*** Data extract ***
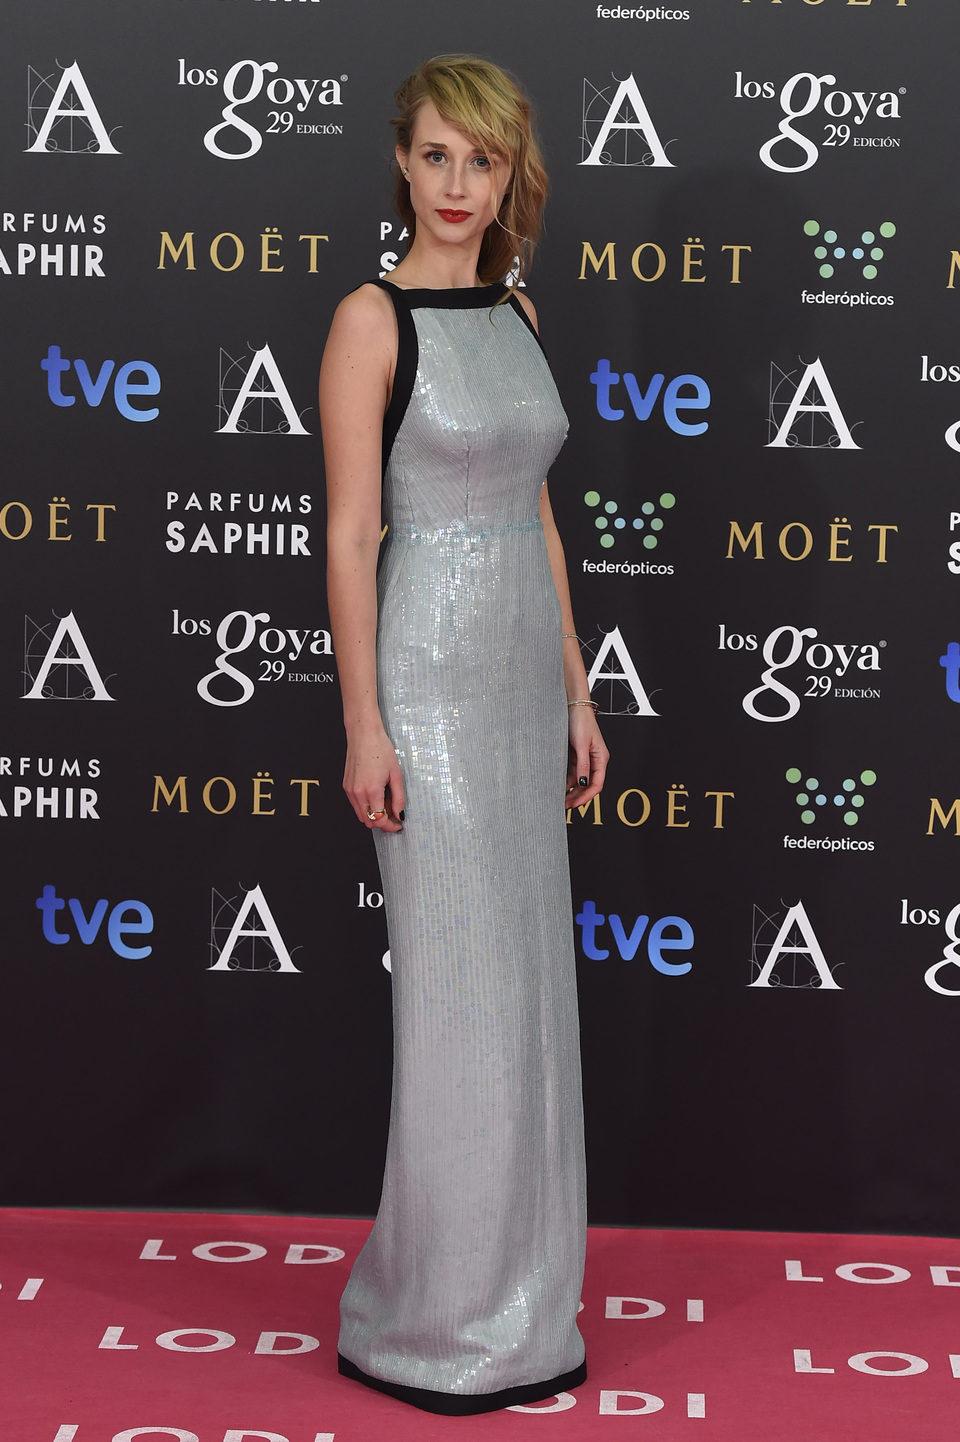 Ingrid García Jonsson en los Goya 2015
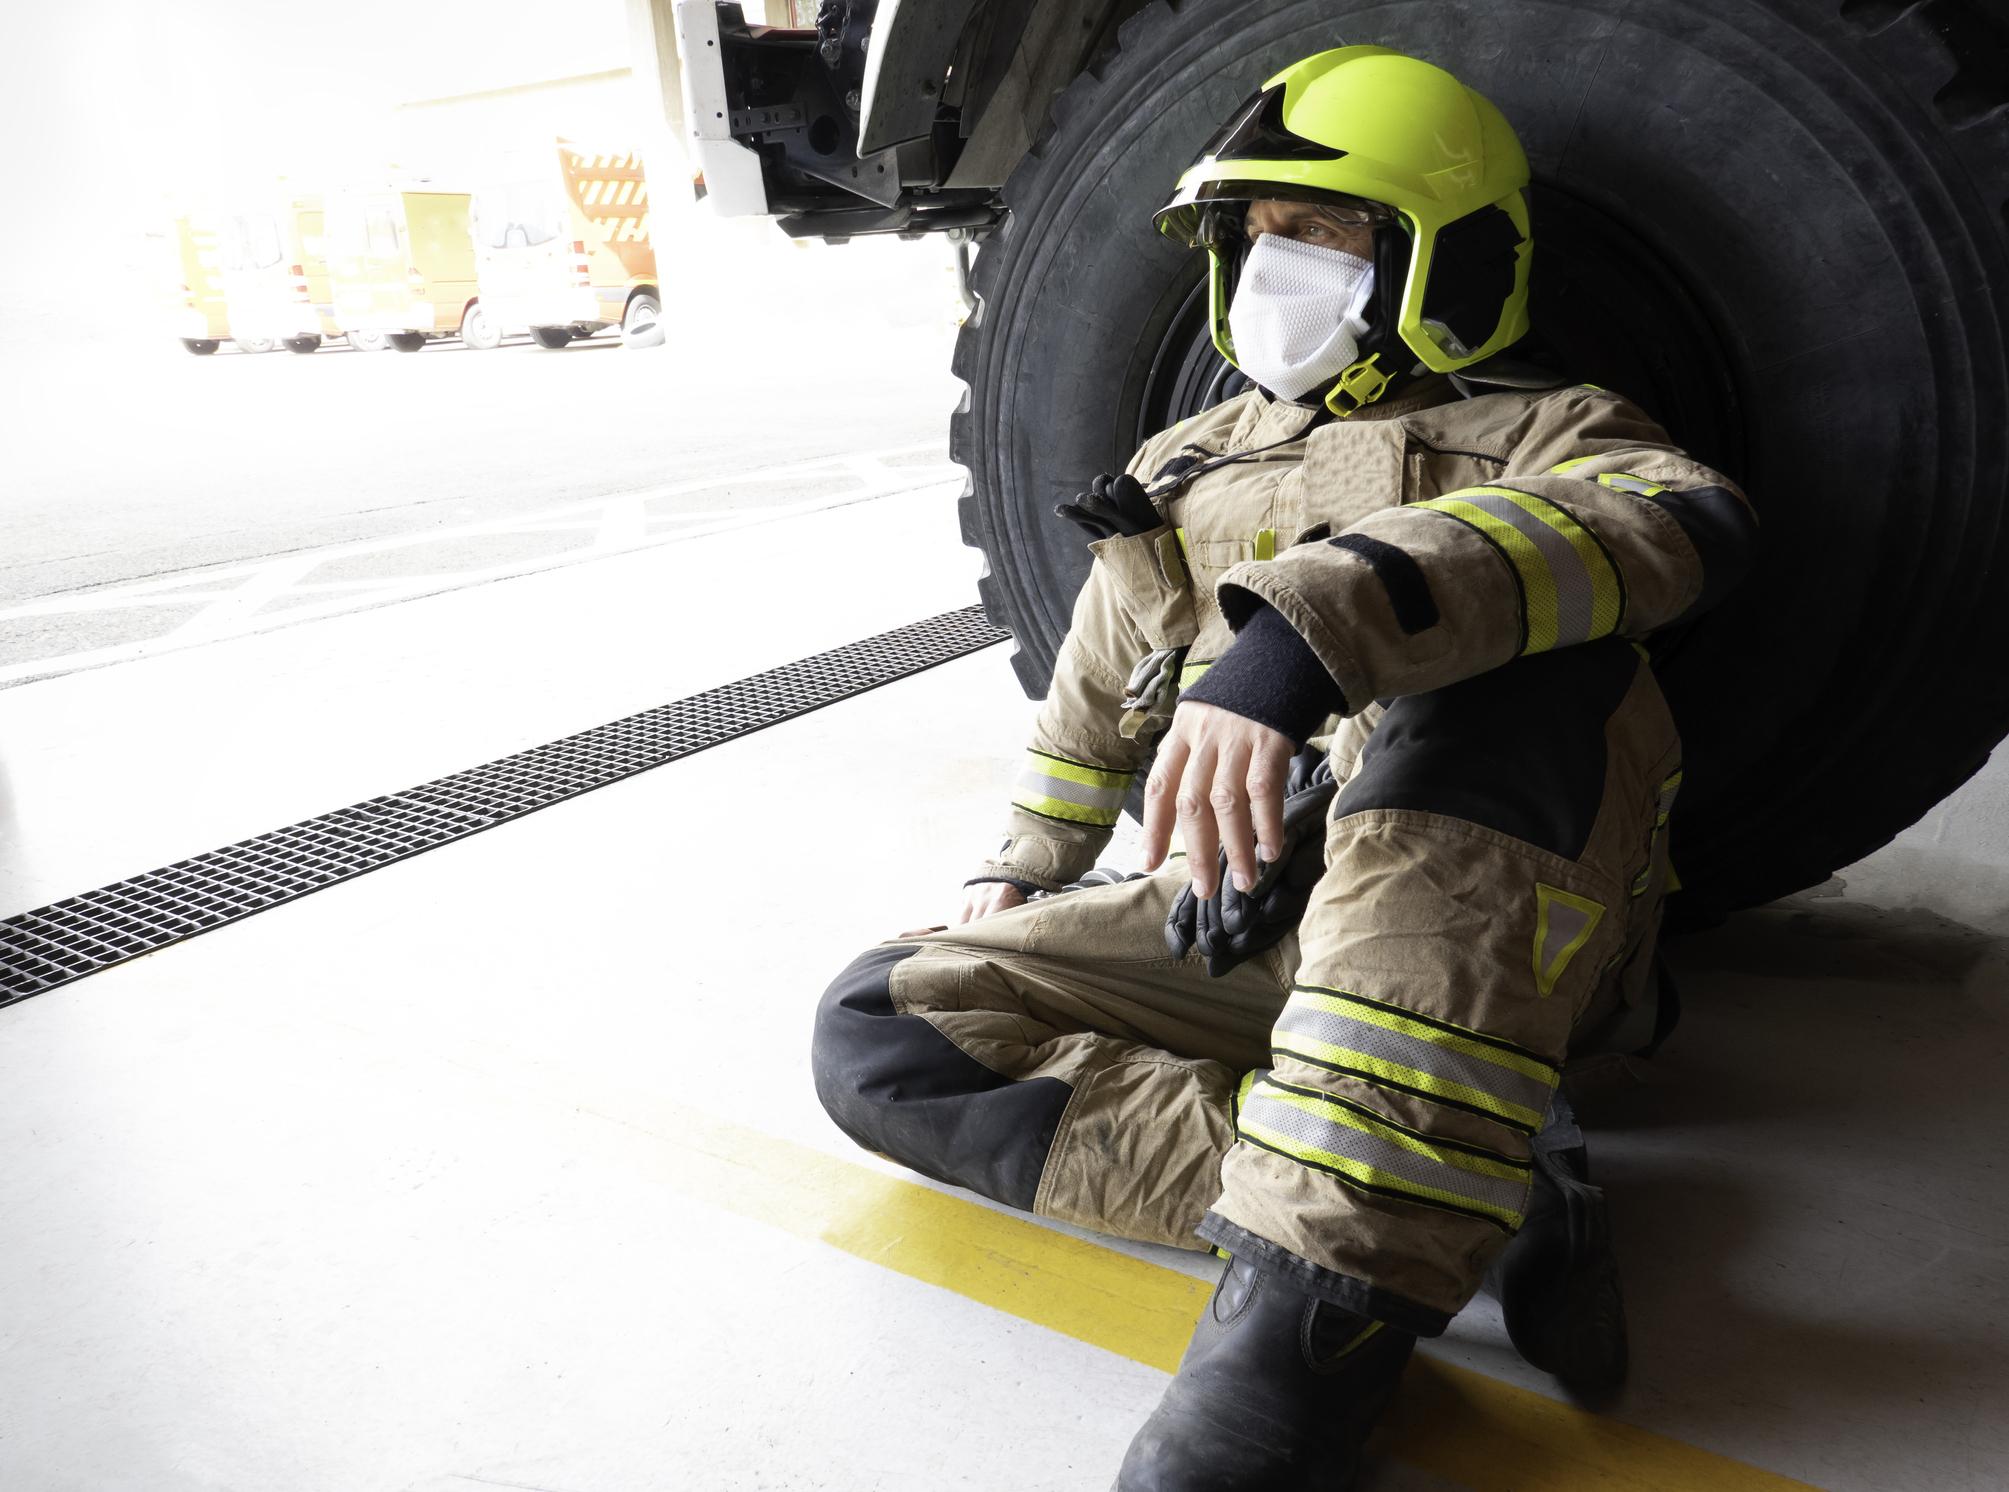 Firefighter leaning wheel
*** End of Data extract ***
*** Data extract ***
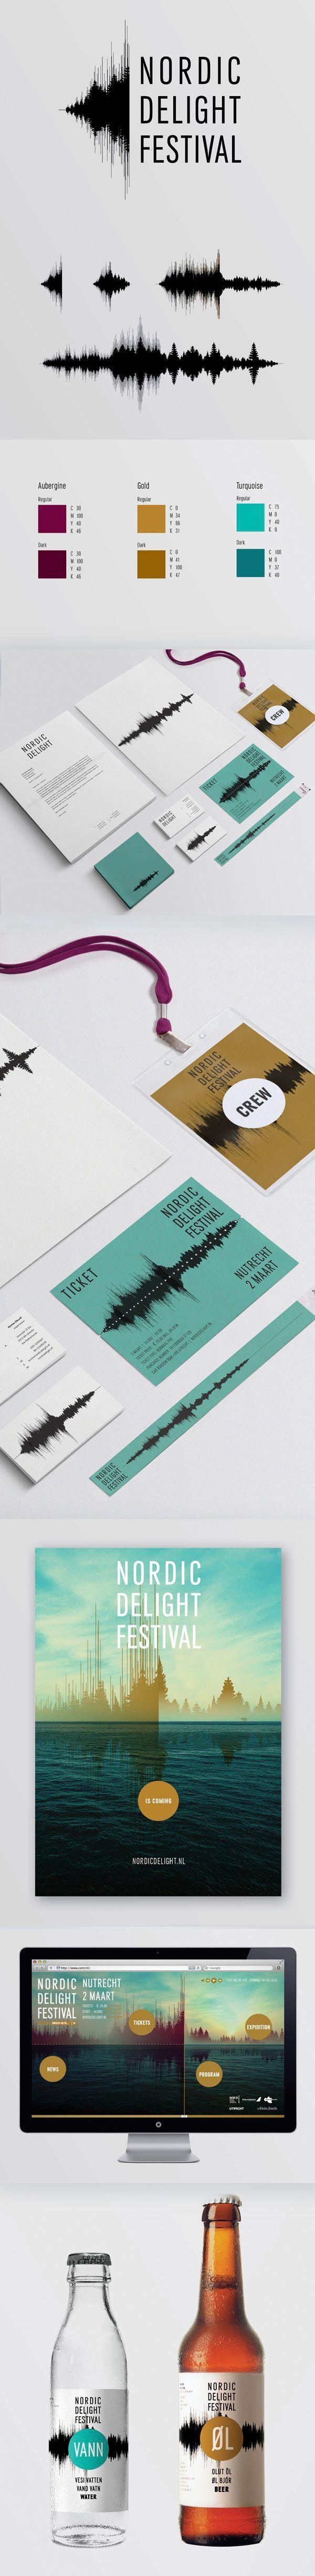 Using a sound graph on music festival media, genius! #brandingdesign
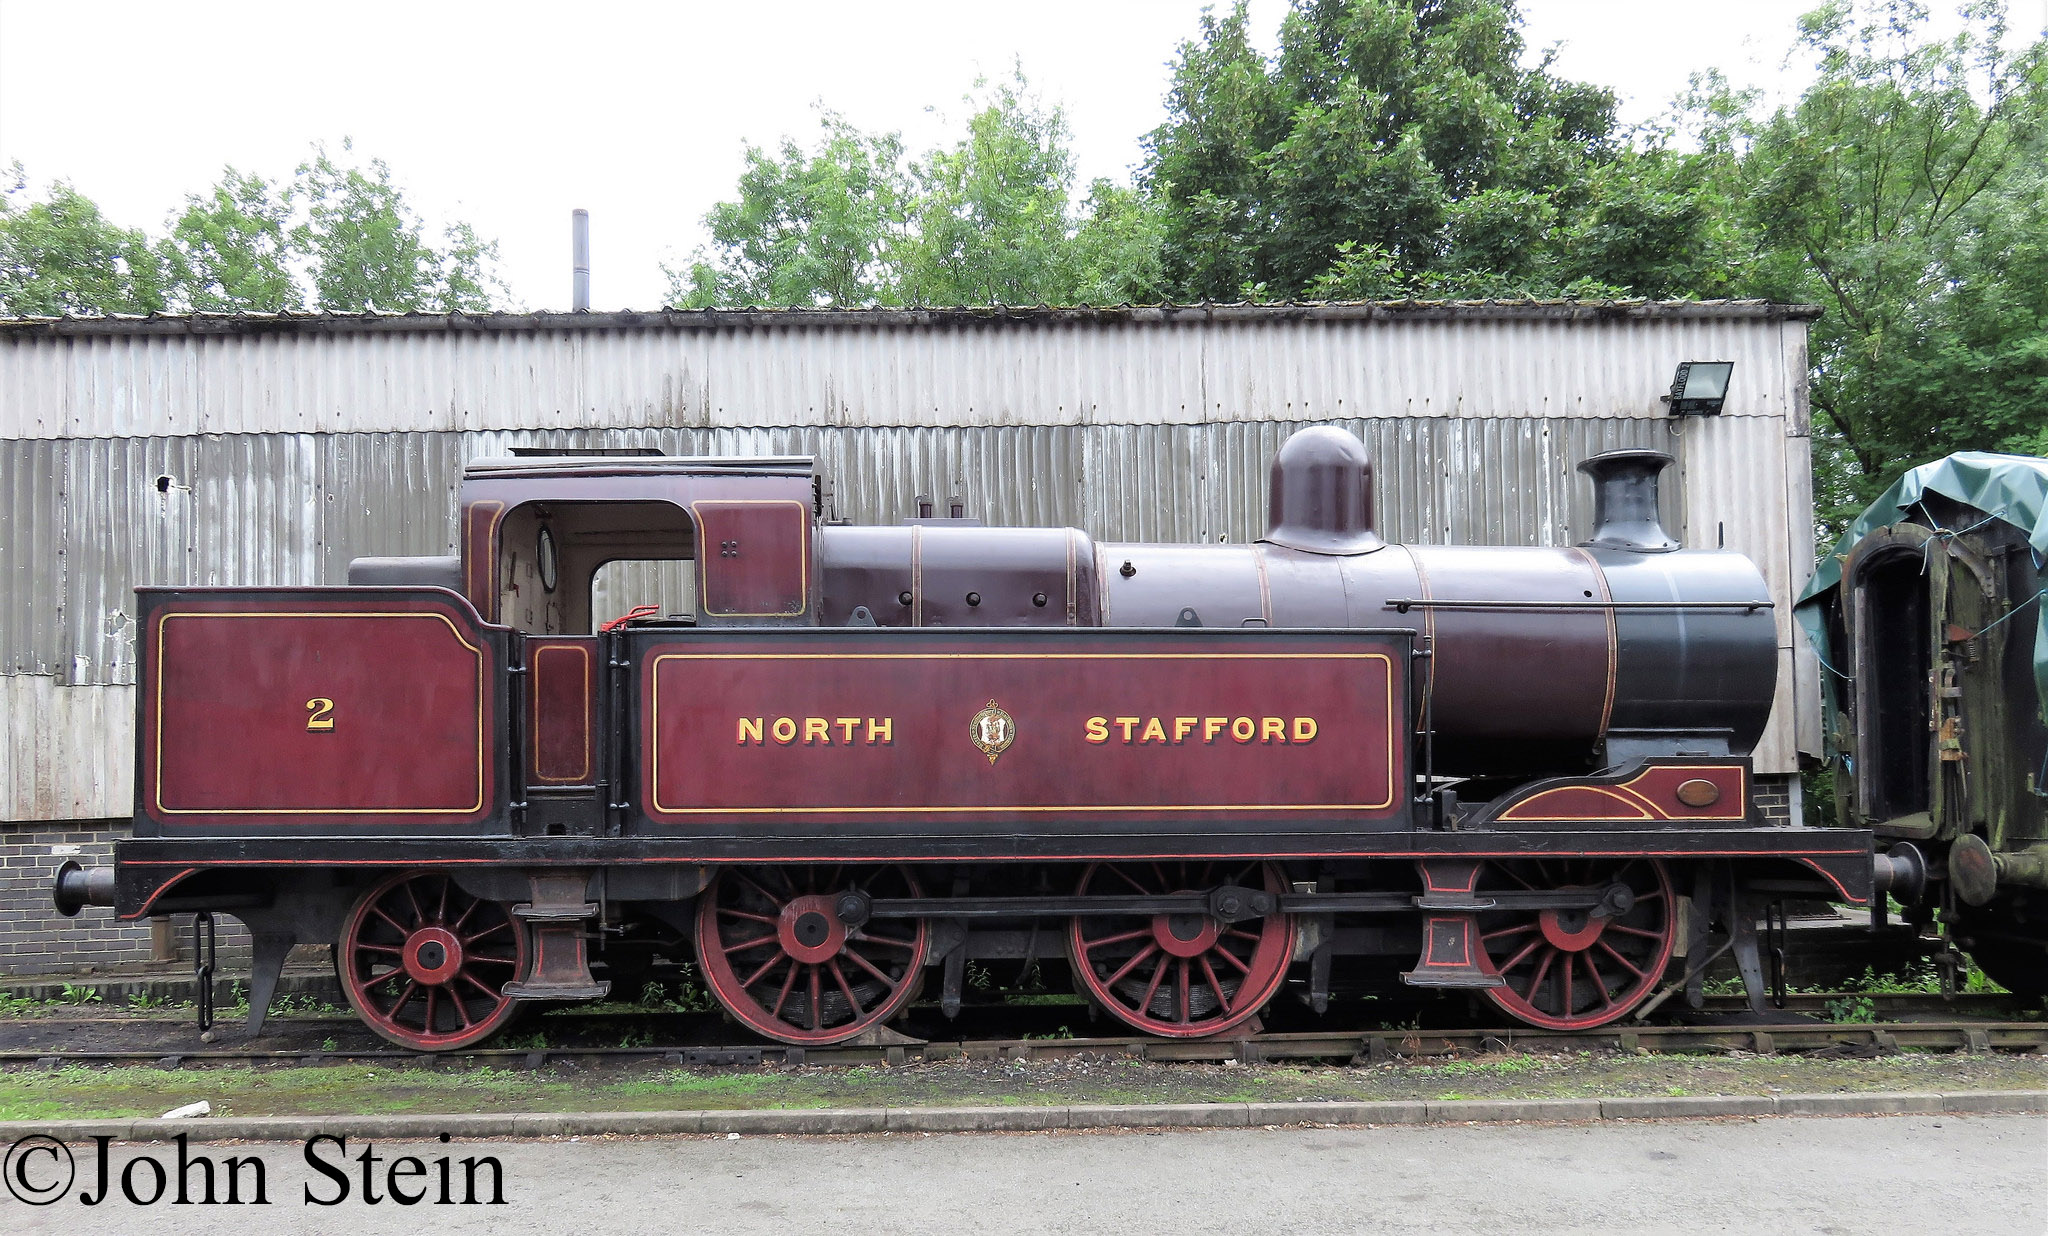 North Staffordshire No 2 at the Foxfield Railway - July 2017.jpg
*** End of Data extract ***
◆ Assignment
Output exactly, and only, the lines of the entries above from the one with "Ingrid García Jonsson en los Goya 2015" up to and including the one with "Firefighter leaning wheel"; pictures are to be left out.

◆ The answer
 Ingrid García Jonsson en los Goya 2015
 Firefighter leaning wheel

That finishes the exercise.